■ Input material ■
○ ○ ○ ○ ○ ○ ○

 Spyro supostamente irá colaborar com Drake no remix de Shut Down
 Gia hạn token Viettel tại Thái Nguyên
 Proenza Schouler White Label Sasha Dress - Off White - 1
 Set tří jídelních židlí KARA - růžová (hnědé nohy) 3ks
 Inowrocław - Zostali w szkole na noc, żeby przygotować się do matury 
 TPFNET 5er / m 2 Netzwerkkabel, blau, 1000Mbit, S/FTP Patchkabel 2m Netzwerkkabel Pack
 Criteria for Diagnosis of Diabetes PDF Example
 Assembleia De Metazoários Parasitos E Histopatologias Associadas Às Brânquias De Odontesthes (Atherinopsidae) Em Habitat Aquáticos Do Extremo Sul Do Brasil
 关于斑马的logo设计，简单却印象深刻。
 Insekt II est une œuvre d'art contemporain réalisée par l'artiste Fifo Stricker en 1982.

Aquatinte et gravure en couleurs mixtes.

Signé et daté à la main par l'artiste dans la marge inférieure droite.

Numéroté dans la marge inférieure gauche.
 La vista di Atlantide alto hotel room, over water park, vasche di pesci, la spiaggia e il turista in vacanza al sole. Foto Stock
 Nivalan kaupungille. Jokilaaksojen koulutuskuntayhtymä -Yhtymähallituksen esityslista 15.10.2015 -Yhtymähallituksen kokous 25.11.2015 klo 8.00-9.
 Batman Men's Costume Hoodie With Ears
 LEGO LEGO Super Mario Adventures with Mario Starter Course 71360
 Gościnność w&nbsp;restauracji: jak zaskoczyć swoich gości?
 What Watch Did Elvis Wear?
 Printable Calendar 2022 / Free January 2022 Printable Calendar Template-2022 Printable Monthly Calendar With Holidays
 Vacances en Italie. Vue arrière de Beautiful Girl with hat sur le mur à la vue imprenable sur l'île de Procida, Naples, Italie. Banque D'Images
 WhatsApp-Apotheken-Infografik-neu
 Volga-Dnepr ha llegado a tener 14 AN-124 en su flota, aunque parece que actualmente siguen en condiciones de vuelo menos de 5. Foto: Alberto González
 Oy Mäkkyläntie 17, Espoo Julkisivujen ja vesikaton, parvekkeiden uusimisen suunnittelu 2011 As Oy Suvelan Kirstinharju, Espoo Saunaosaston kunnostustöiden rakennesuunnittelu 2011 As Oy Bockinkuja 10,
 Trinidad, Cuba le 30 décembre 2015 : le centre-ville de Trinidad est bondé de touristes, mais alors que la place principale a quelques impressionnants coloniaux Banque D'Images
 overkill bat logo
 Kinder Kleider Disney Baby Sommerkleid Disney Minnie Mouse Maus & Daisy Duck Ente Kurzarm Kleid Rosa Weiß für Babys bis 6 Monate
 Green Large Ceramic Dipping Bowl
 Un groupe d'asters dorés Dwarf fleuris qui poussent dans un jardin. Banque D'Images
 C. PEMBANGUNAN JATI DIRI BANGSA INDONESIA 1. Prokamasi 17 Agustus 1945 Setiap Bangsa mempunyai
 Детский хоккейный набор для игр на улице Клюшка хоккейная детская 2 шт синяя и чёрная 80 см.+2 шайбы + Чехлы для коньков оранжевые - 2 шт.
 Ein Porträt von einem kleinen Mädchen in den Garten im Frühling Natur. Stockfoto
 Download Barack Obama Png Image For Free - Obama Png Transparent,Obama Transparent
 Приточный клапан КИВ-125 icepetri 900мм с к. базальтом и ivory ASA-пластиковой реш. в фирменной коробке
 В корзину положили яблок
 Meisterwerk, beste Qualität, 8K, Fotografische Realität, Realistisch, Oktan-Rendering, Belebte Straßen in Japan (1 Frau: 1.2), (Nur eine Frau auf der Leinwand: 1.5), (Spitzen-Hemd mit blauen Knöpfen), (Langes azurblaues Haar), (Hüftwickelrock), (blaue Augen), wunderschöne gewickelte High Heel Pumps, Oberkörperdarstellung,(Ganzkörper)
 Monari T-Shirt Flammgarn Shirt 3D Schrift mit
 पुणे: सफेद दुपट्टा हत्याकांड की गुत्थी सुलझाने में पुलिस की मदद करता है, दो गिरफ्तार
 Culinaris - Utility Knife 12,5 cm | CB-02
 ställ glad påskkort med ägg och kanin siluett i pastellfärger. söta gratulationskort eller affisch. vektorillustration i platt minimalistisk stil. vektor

○ ○ ○ ○ ○ ○ ○

Your output should consist solely of the lines from the beginning of the entries through the line containing "What Watch Did Elvis Wear?", reproduced exactly.

 Spyro supostamente irá colaborar com Drake no remix de Shut Down
 Gia hạn token Viettel tại Thái Nguyên
 Proenza Schouler White Label Sasha Dress - Off White - 1
 Set tří jídelních židlí KARA - růžová (hnědé nohy) 3ks
 Inowrocław - Zostali w szkole na noc, żeby przygotować się do matury 
 TPFNET 5er / m 2 Netzwerkkabel, blau, 1000Mbit, S/FTP Patchkabel 2m Netzwerkkabel Pack
 Criteria for Diagnosis of Diabetes PDF Example
 Assembleia De Metazoários Parasitos E Histopatologias Associadas Às Brânquias De Odontesthes (Atherinopsidae) Em Habitat Aquáticos Do Extremo Sul Do Brasil
 关于斑马的logo设计，简单却印象深刻。
 Insekt II est une œuvre d'art contemporain réalisée par l'artiste Fifo Stricker en 1982.

Aquatinte et gravure en couleurs mixtes.

Signé et daté à la main par l'artiste dans la marge inférieure droite.

Numéroté dans la marge inférieure gauche.
 La vista di Atlantide alto hotel room, over water park, vasche di pesci, la spiaggia e il turista in vacanza al sole. Foto Stock
 Nivalan kaupungille. Jokilaaksojen koulutuskuntayhtymä -Yhtymähallituksen esityslista 15.10.2015 -Yhtymähallituksen kokous 25.11.2015 klo 8.00-9.
 Batman Men's Costume Hoodie With Ears
 LEGO LEGO Super Mario Adventures with Mario Starter Course 71360
 Gościnność w&nbsp;restauracji: jak zaskoczyć swoich gości?
 What Watch Did Elvis Wear?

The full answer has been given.